I had to get out. If I hadn’t, I would’ve killed him years ago.
“How could I be so stupid?”
“What?” I heard Jethro’s shoes shuffling on the linoleum floor, moving him a little closer, real alarm in his voice. “What’s wrong?”
“I am what’s wrong.” I shook my head, laughing bitterly.
I didn’t think it was possible for me to despise Isaac any more than I already did. I’d been wrong. The details of precisely how were still fuzzy, but Isaac’s motives were a
ll so clear now.
Aren’t you worried? Leaving the Wraiths without a money man?
I have an apprentice.
Who?
Someone you think is smart.
At that point in the conversation I’d just called Isaac smart, hadn’t I? I’d just praised him for suggesting his mother not leave her house so as to thwart the police taking her prints.
Isaac was the smart apprentice.
He’d killed his father, set up his mother, threatened his sister, all to get Repo out of the way.
And now there wasn’t a damn thing I could do about it.
“Cletus.”
“Not now, Jet.” I waved my brother off again, gritting my teeth.
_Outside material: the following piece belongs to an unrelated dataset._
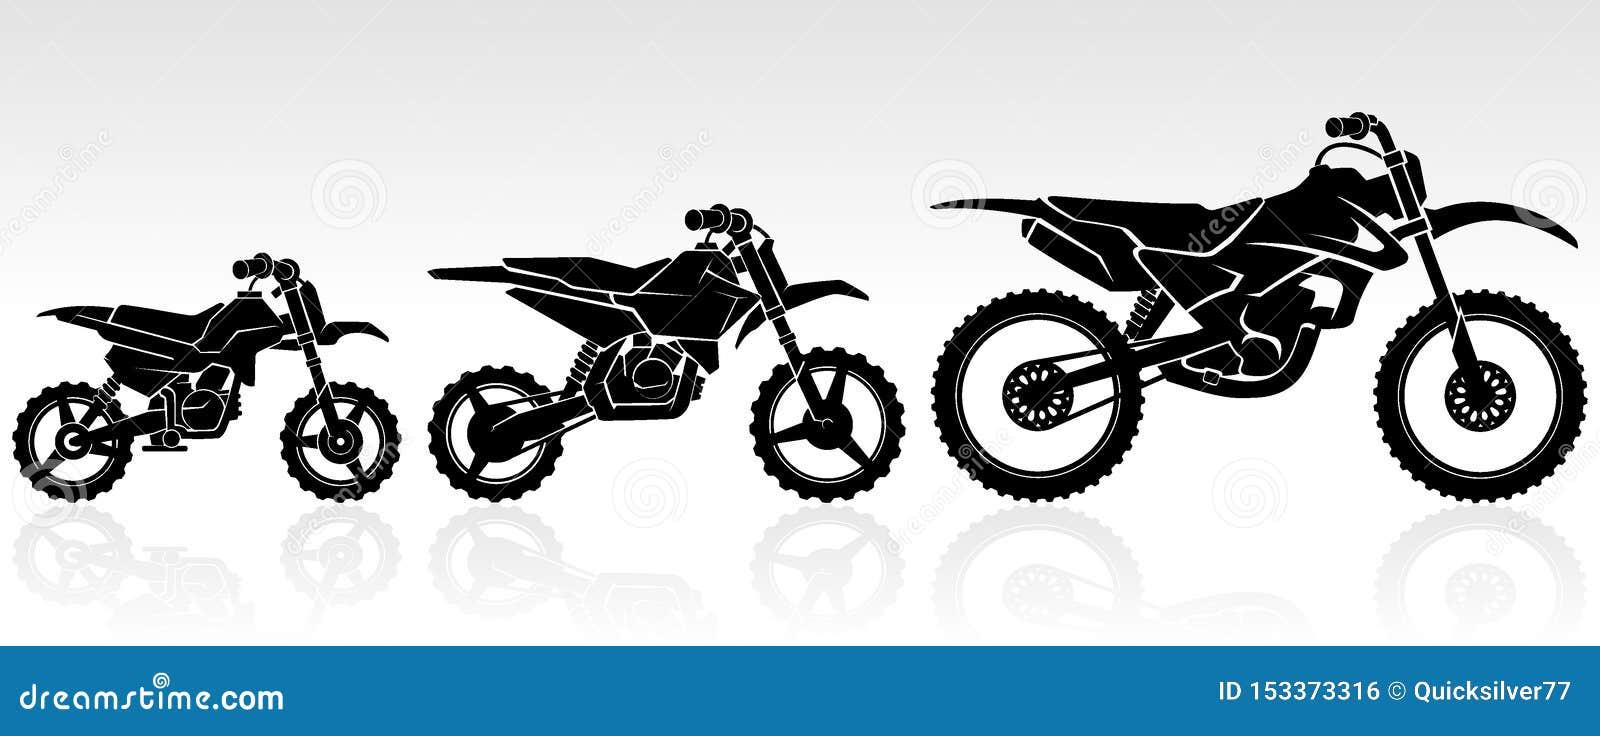 Kids Motocross Bike Set Stock Vector Illustration Of Large 153373316

Repo couldn’t ever come back, and of course Diane would never let her son take the fall—
“Your phone is ringing,” Jethro said, reaching into my side pocket, withdrawing it, and smacking it against my chest. “Looks like it’s the bakery.”
I swallowed though my mouth was dry and accepted the call, my mind not actually engaged with the action. “Hello?”
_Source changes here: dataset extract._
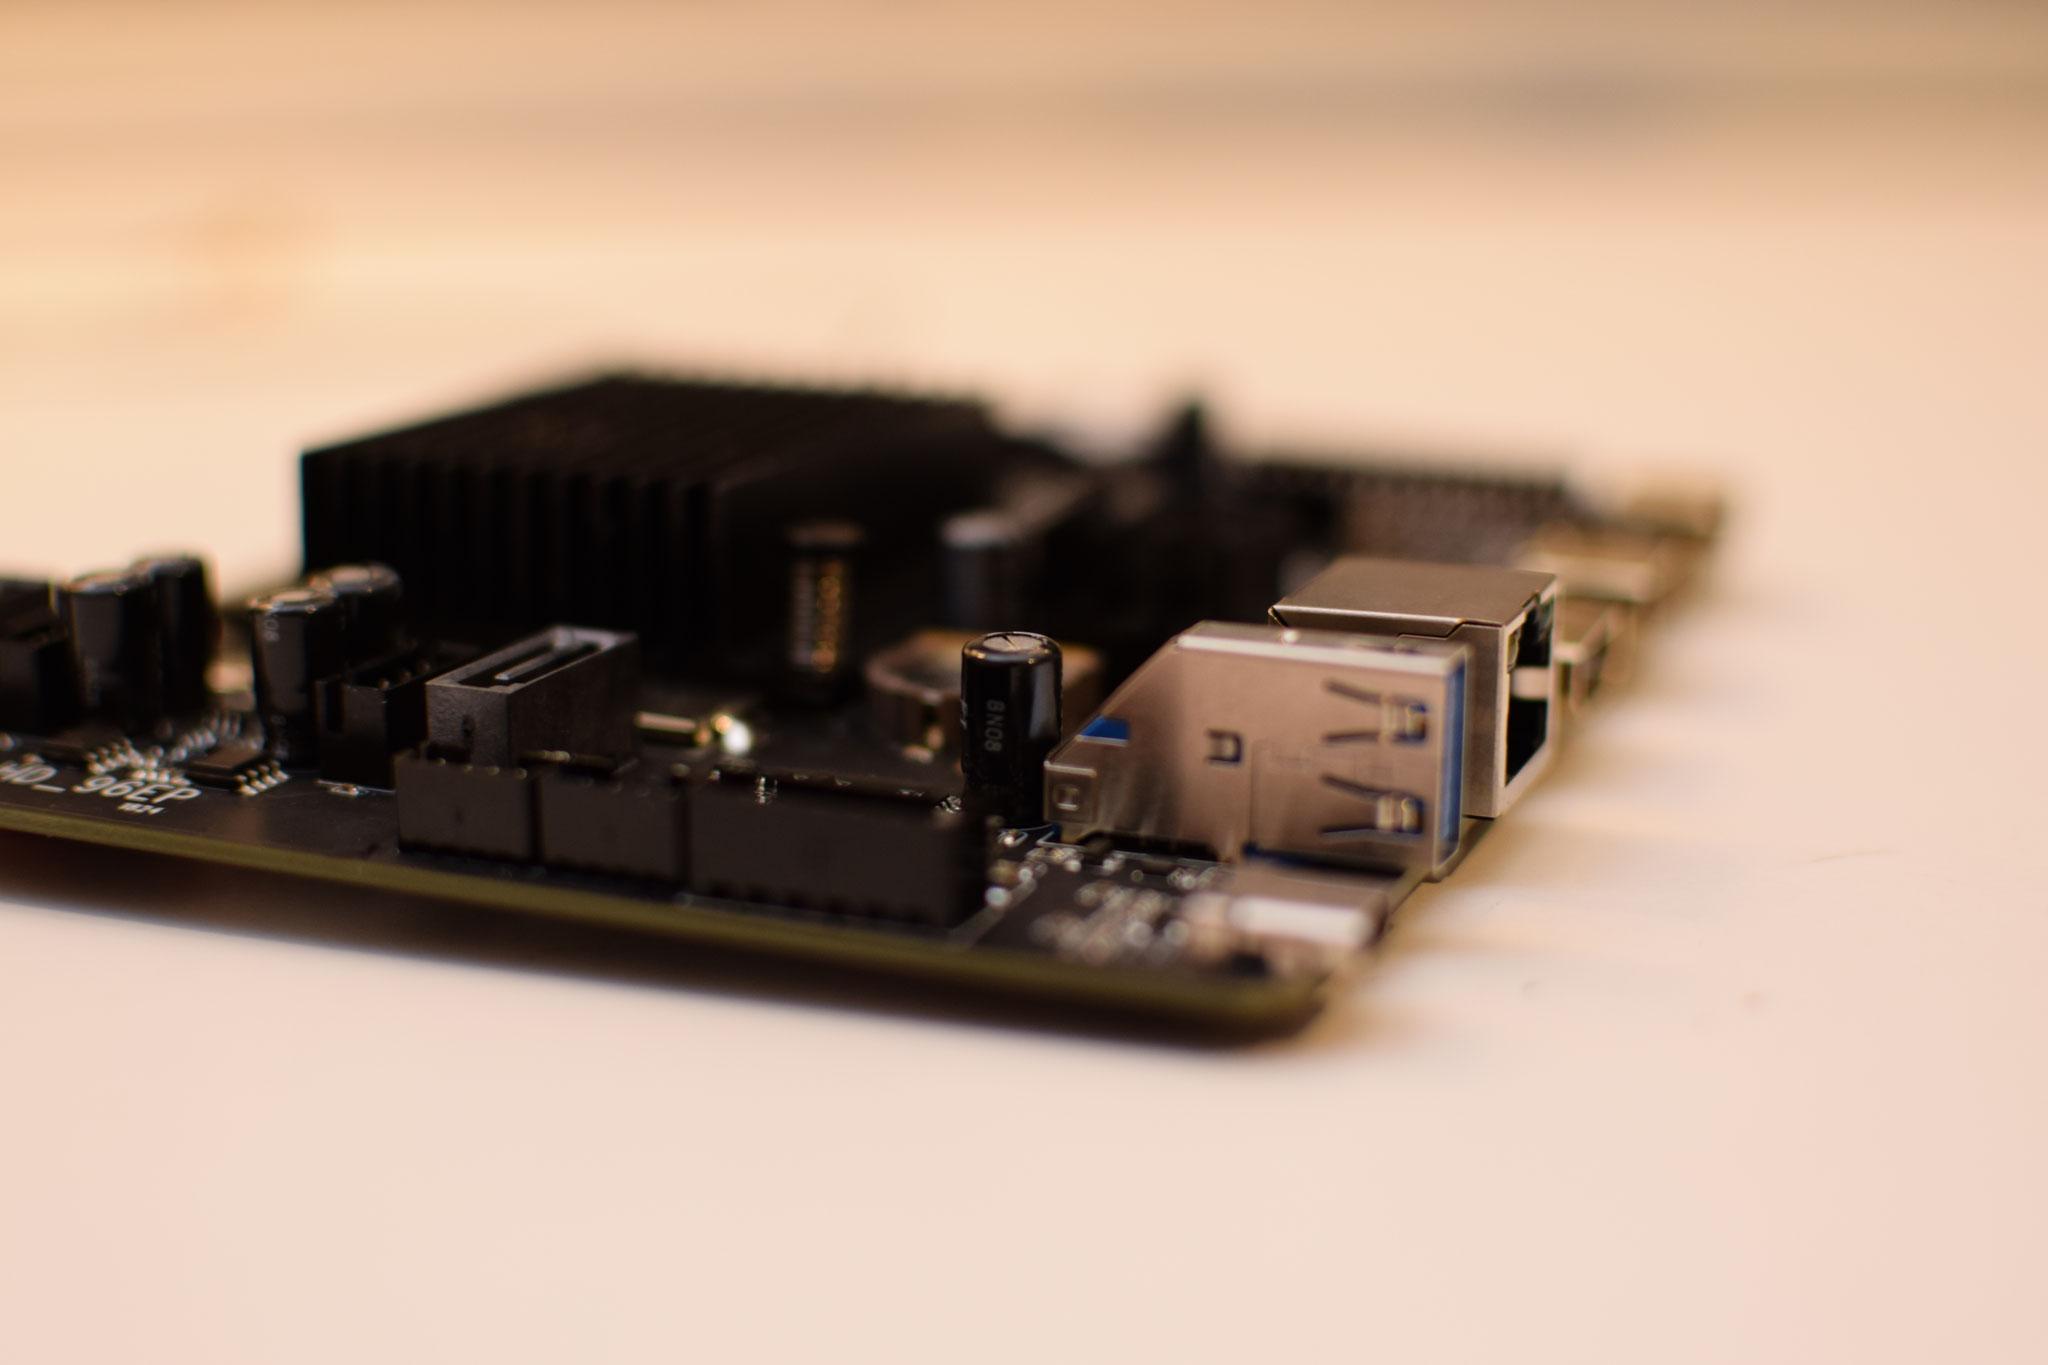 Zidoo UHD2000 Mainboard Detail

“Cletus? It’s Blythe. Hey, so, listen. We called the police, but—”
“What’s wrong?” Unsurprisingly, the words called and the and police shoved me out of my epic brain implosion. “Where’s Jenn?”
“That’s the thing . . .” Her voice wavered. “Cletus, someone took her.”
Chapter Twenty-One
*Jenn*
“When a strong woman recklessly throws away her strength she is worse than a weak woman who has never any strength to throw away.
Thomas Hardy, Far from the Madding Crowd
It was my fault. I had no one to blame but myself for getting in Cletus’s Geo.
I should’ve known better. I should’ve known!
Cletus rarely picked me up in the Geo. It was too small, he’d always said, and he liked the bench seat in the Buick. He liked me cuddled up next to him. He liked holding my hand. He liked placing kisses on my head or on my mouth when we stopped at a light or stop sign.
Maybe if I’d been feeling less sorry for myself, or maybe if I’d been feeling less frustrated and cheated by life, or maybe if the banana cake I’d baked for Mrs. Lavery’s tea luncheon tomorrow hadn’t fallen like a skydiver with no parachute, I would’ve taken notice. The illegally dark tint to the windows meant, no matter what, I wouldn’t have observed the lack of a person in the driver’s seat as I approached.